Homology Directed repair
uses homologous DNA template to repair breaks. Scientits can add an RNA copy of the desired replacement base sequence for the gene called the RT template to the guide RNA. A RT enzyme is attached ot the cas9 so that it can assemble a strand of DNA nucleotides complementary to the RT template. Part of cas9 is inactivated so that it only makes one cut in one of the dna strands. RT adds dna nucleotides to extend the dna strands.
benefits of CIRSPR cas9
treats disorders caused by single gene mutations (sickle cell anemia), can delete entire chromosomes (get rid of down syndrome) Can introduce traits to crops and livestock (GMO), modifying mosquitoes to get rid of their ability to carry viruses, modifying plants to make renewable fuels to replace fossil fuels
risks of CIRSPR Cas9
potential off target mutations in the genome, cost of technology is very high, potential misuse of technology (e.g editing embryos, eugenics).
conserved and highly conserved sequences
genes evolve and mutate at different rates.
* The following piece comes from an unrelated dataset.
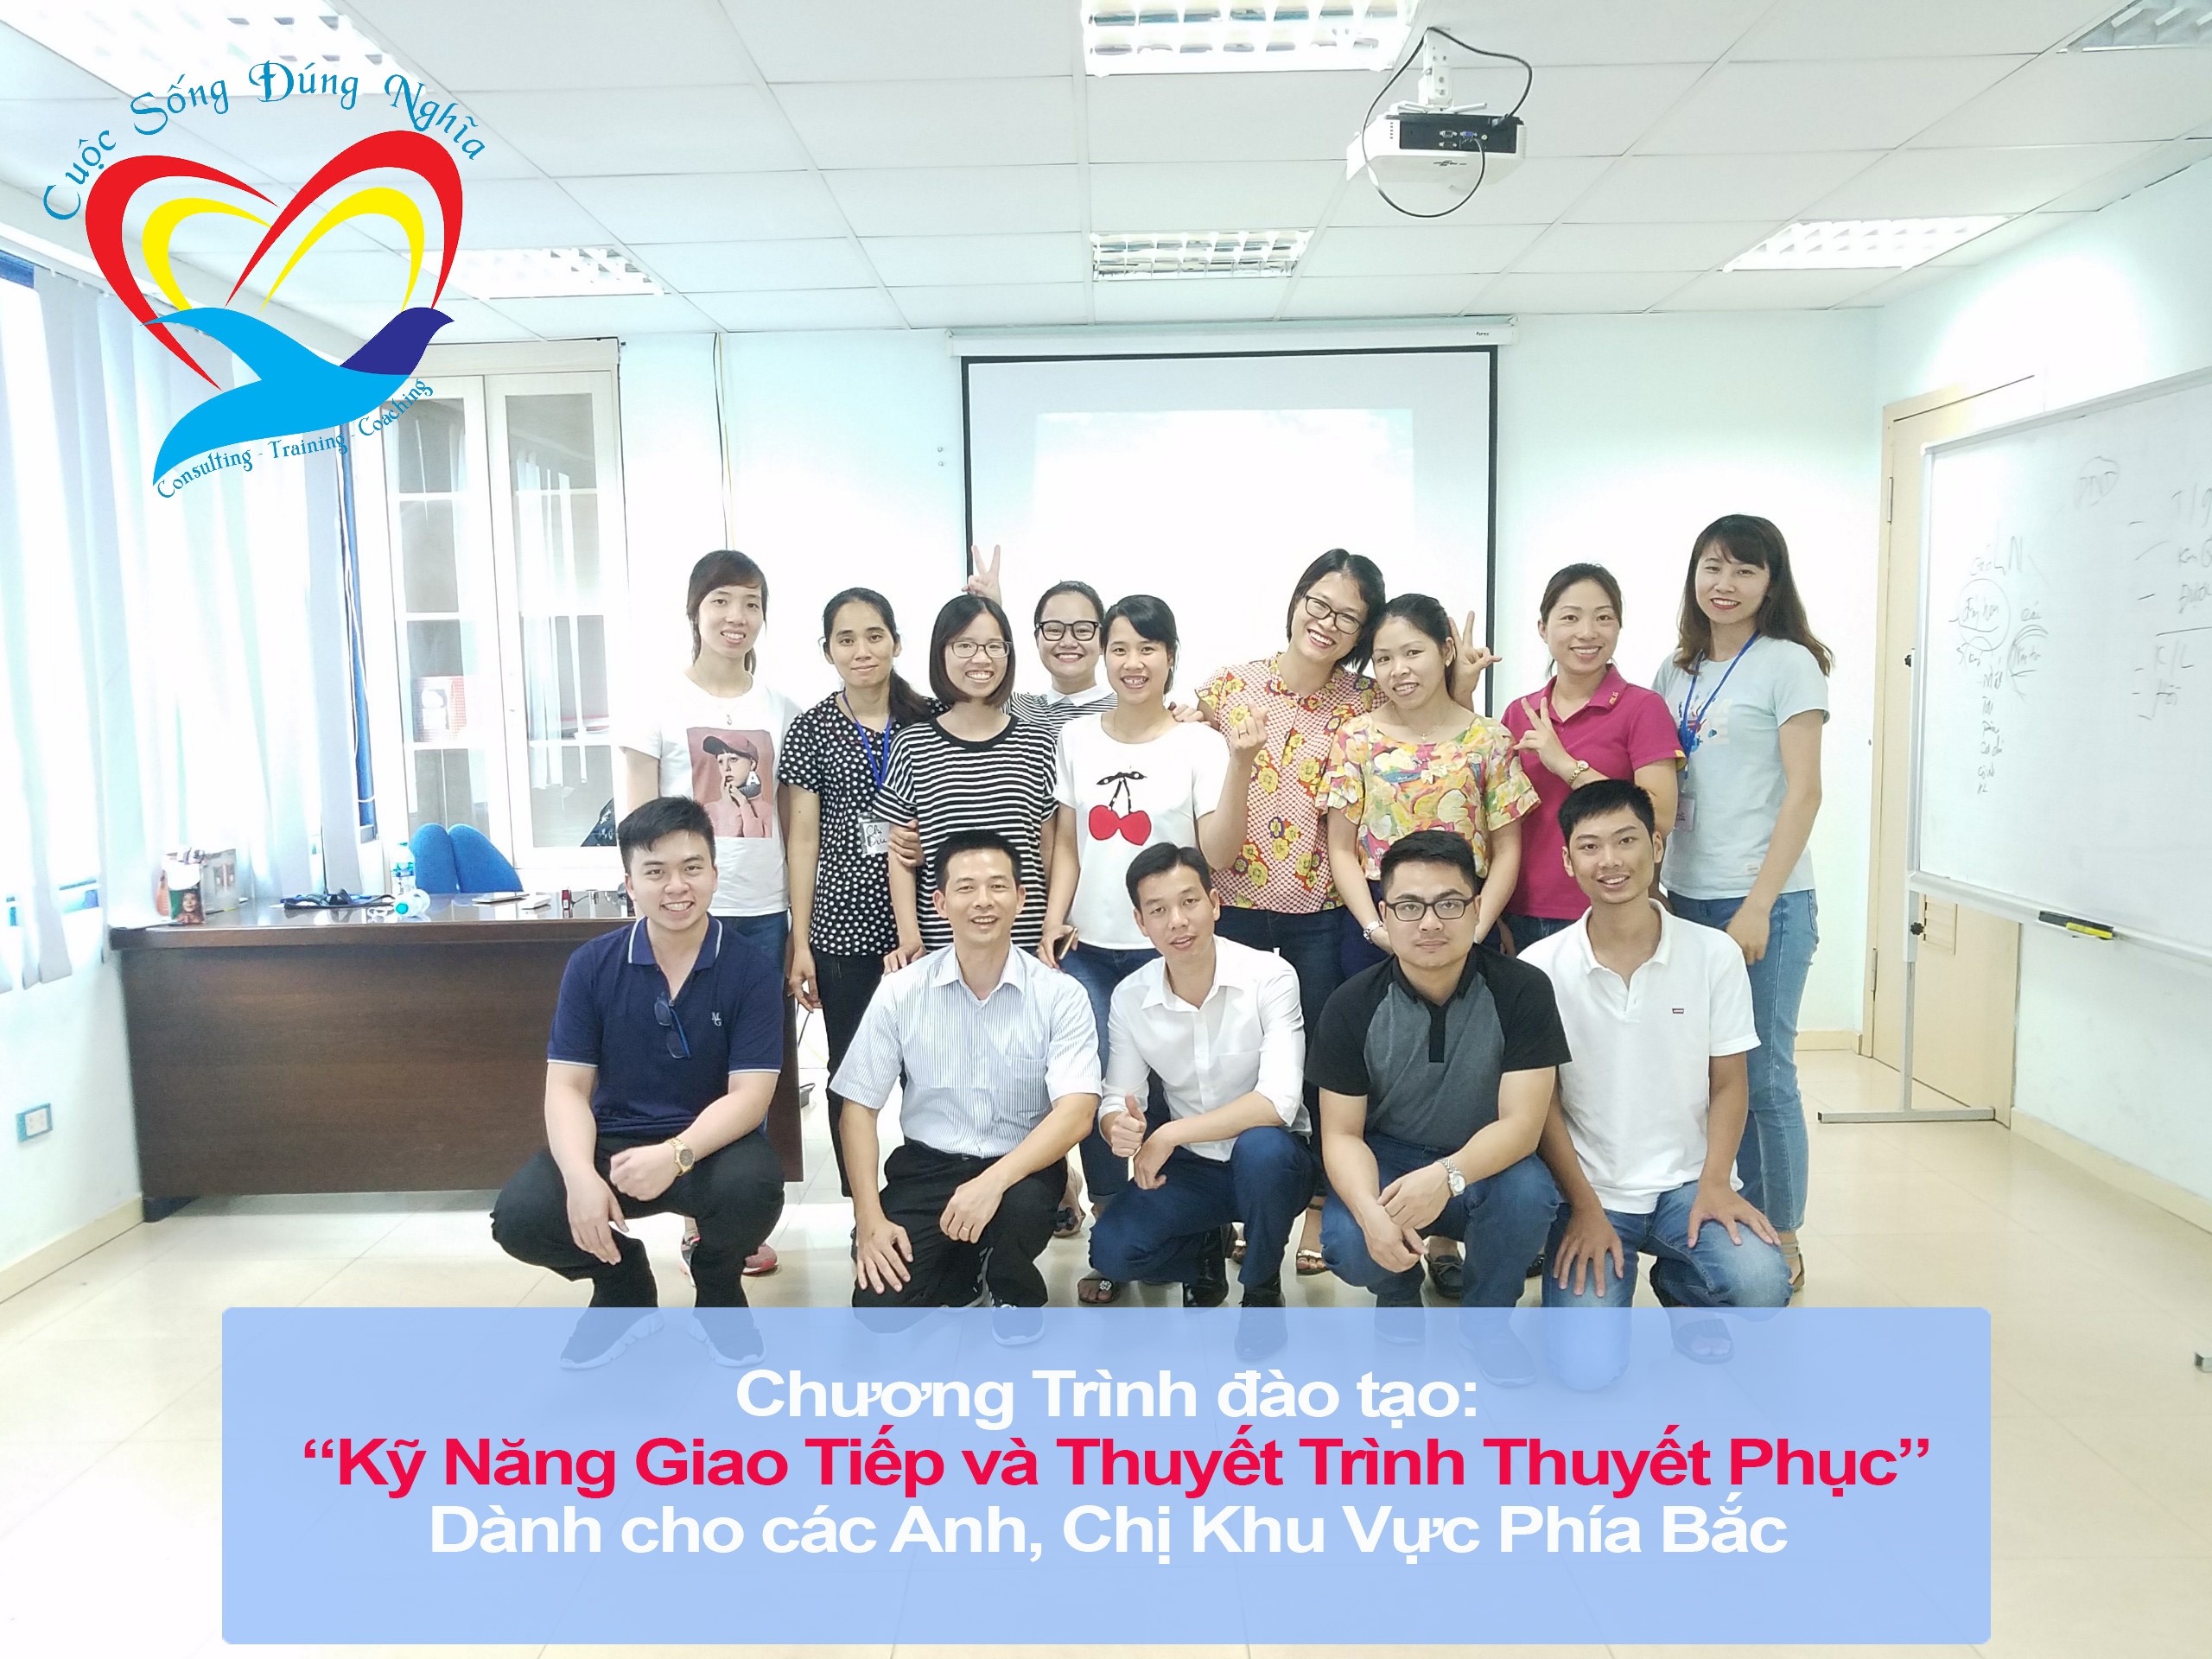 Đào tạo public: “Kỹ Năng Giao Tiếp và Thuyết Trình Thuyết Phục” tại Hà Nội

Conserved show minimal mutations over time, and highly conserved show almost no change. Commonly conserved genes are typically genes that are needed for all cells (ones involved in DNA replication, sequences for cellular respiration). To visualize sequences, they combine the science of genomics and bioinformatics (e.g ECR Browser)
functional requirements
substances vital to a cell's survival tend to be more conserved. Natural selection conserves these sequences by necessity and does not let any mutations pass down to the next generation (callled purifying or negative selection)
slower mutation rates
some zones of a sequence are less prone to mutation leading to a slower mutation rate (refers to how many changes there are in a genetic sequence over time). Higher mutation rates in non-coding DNA regions because it does not undergo purifying selection. Proofreading functions are more active in areas where error could have more negative consequences and vice versa.